YOUR GOAL —
Word for word, copy the entire listing below, but do not carry over any pictures.

GIVEN DATA —

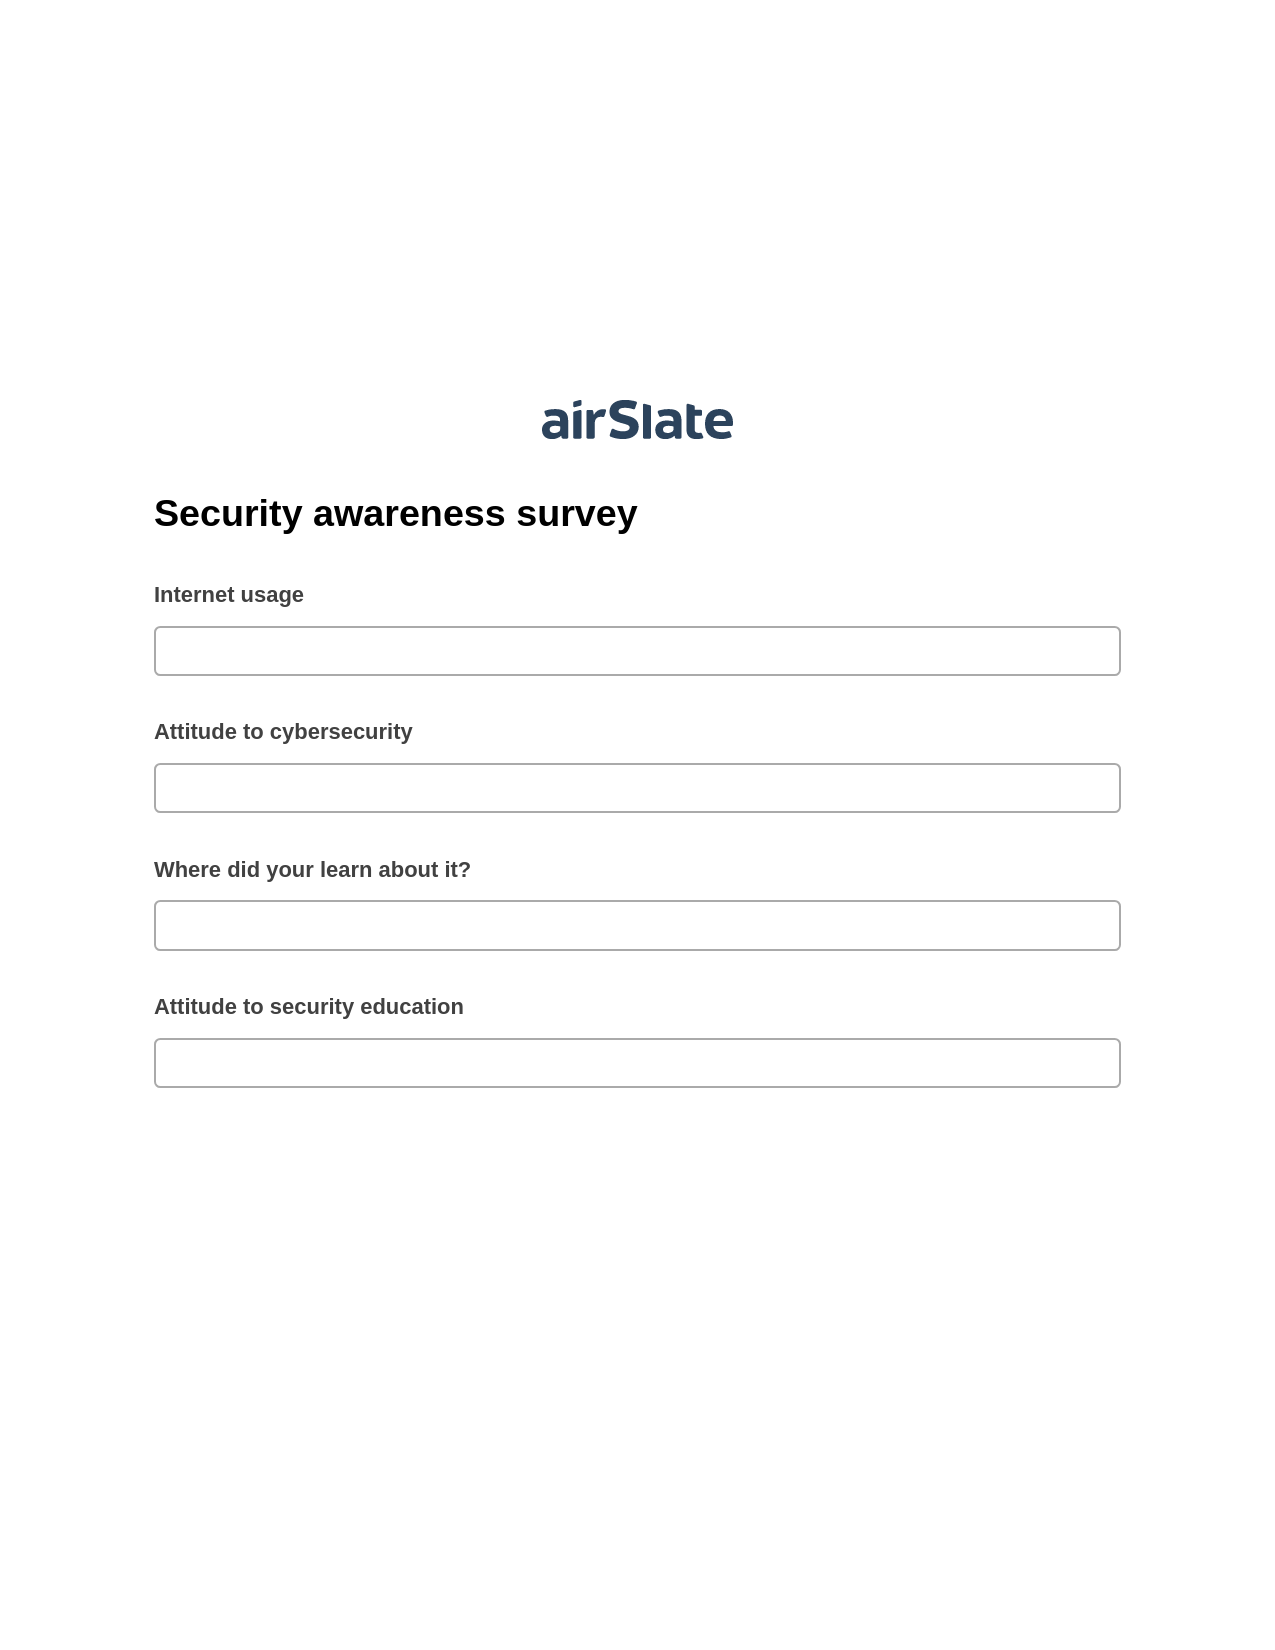 Multirole Security awareness survey Pre-fill from Salesforce Records with SOQL Bot, Google Calendar Bot, Webhook Postfinish Bot
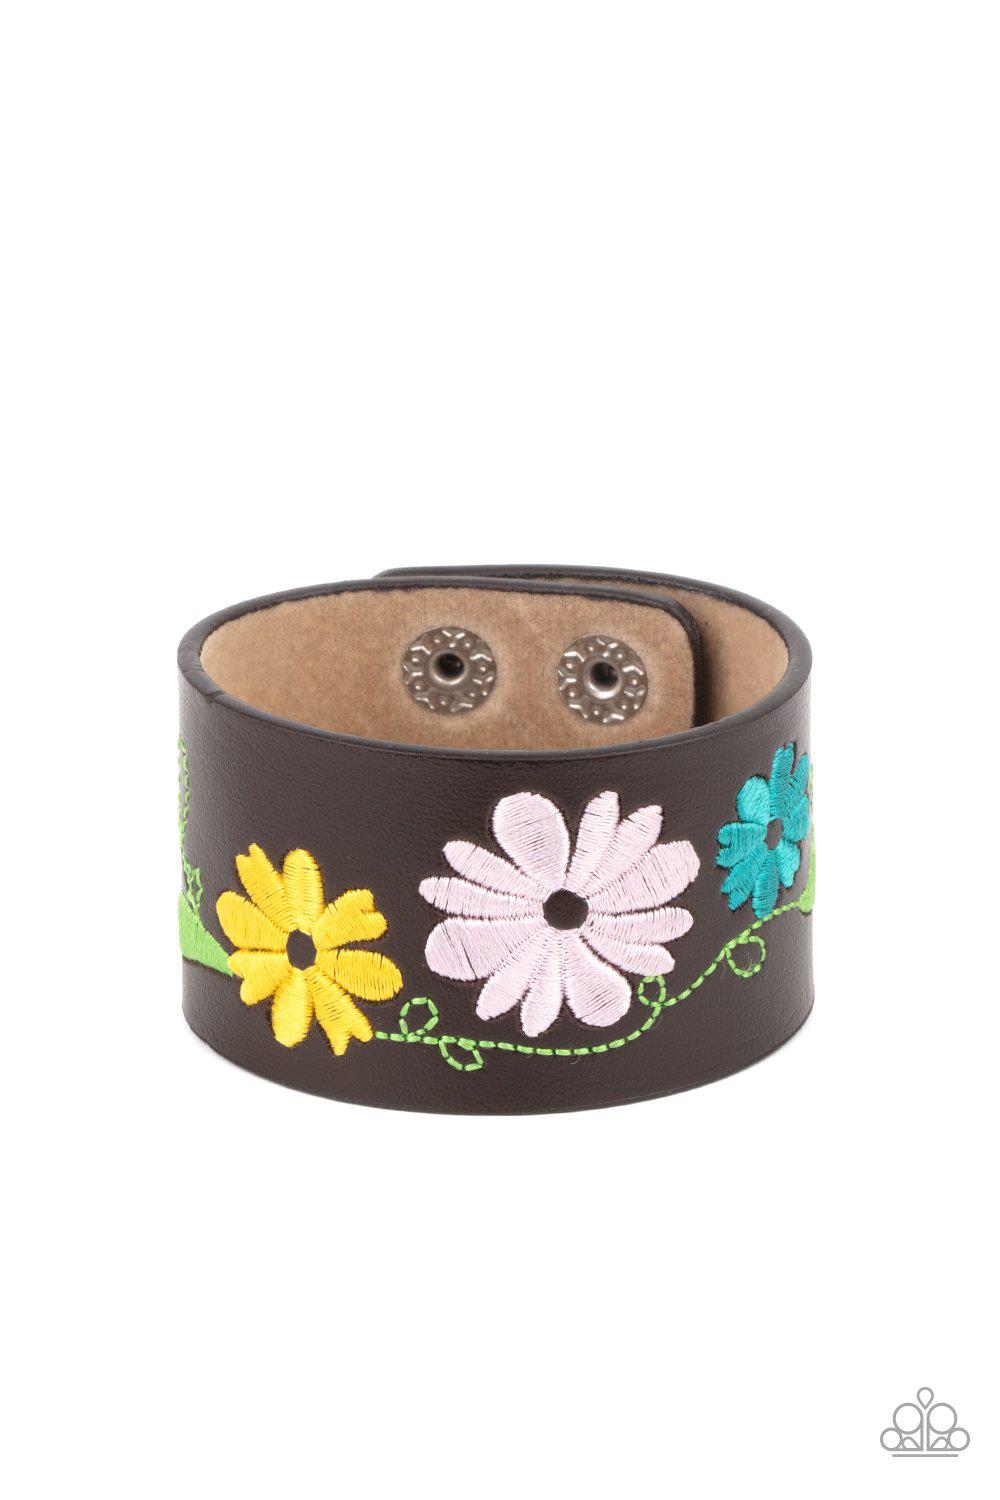 Western Eden Multi Flower Wrap Snap Bracelet - Paparazzi Accessories- lightbox - CarasShop.com - $5 Jewelry by Cara Jewels
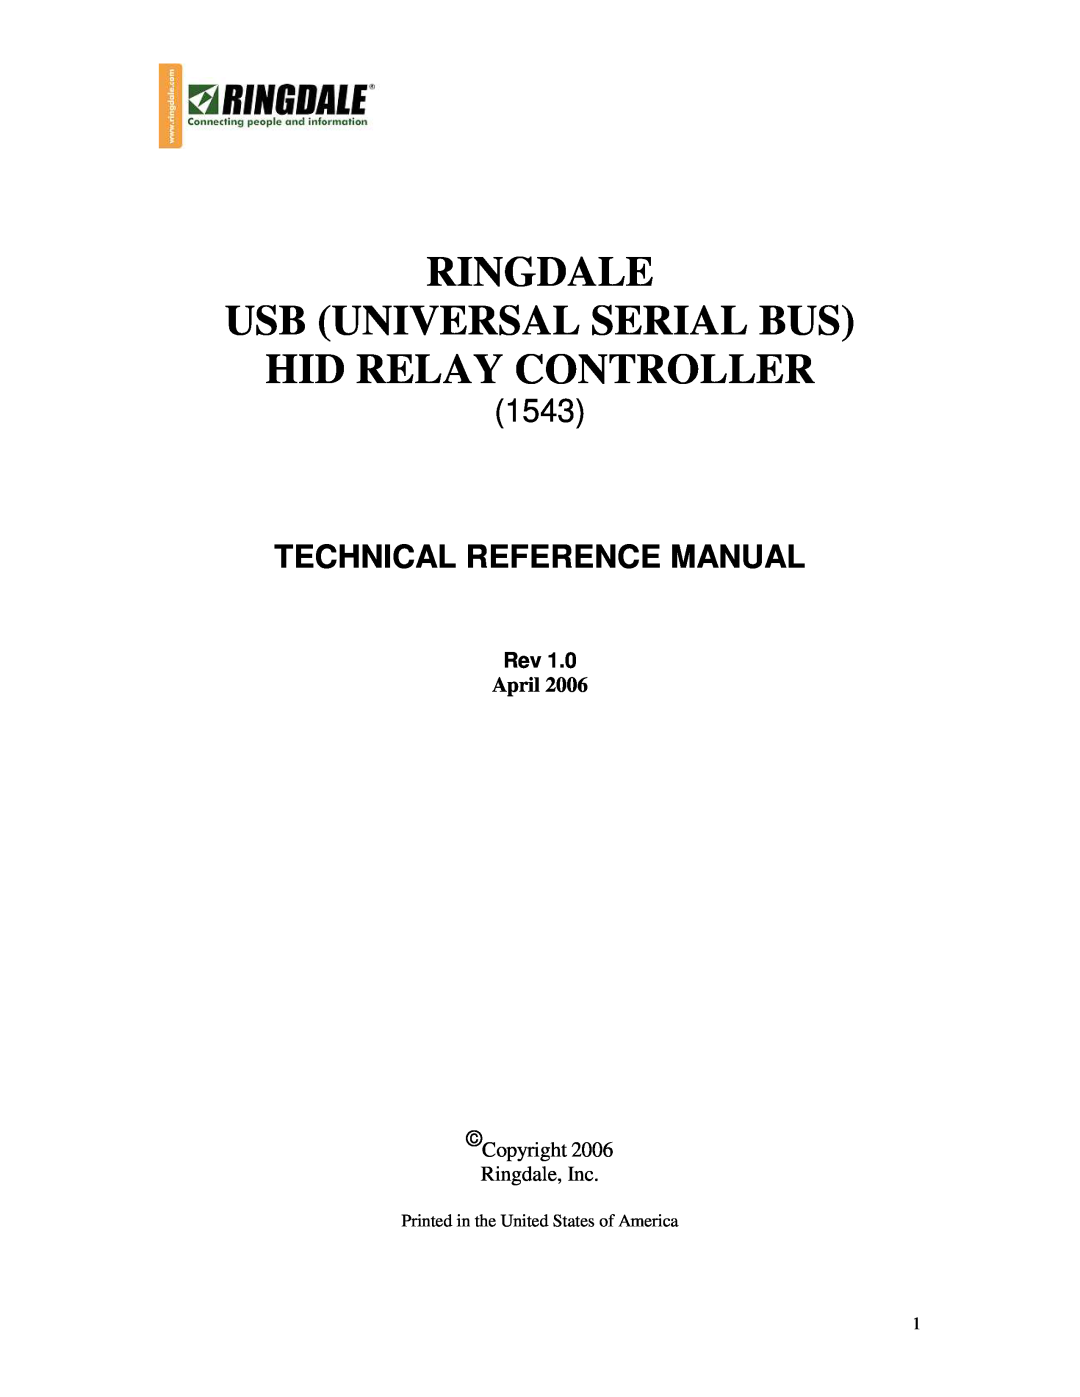 Ringdale 1543 manual April, Ringdale Usb Universal Serial Bus Hid Relay Controller, Technical Reference Manual

WRITTEN RESPONSE —
 Multirole Security awareness survey Pre-fill from Salesforce Records with SOQL Bot, Google Calendar Bot, Webhook Postfinish Bot
 Western Eden Multi Flower Wrap Snap Bracelet - Paparazzi Accessories- lightbox - CarasShop.com - $5 Jewelry by Cara Jewels
 Ringdale 1543 manual April, Ringdale Usb Universal Serial Bus Hid Relay Controller, Technical Reference Manual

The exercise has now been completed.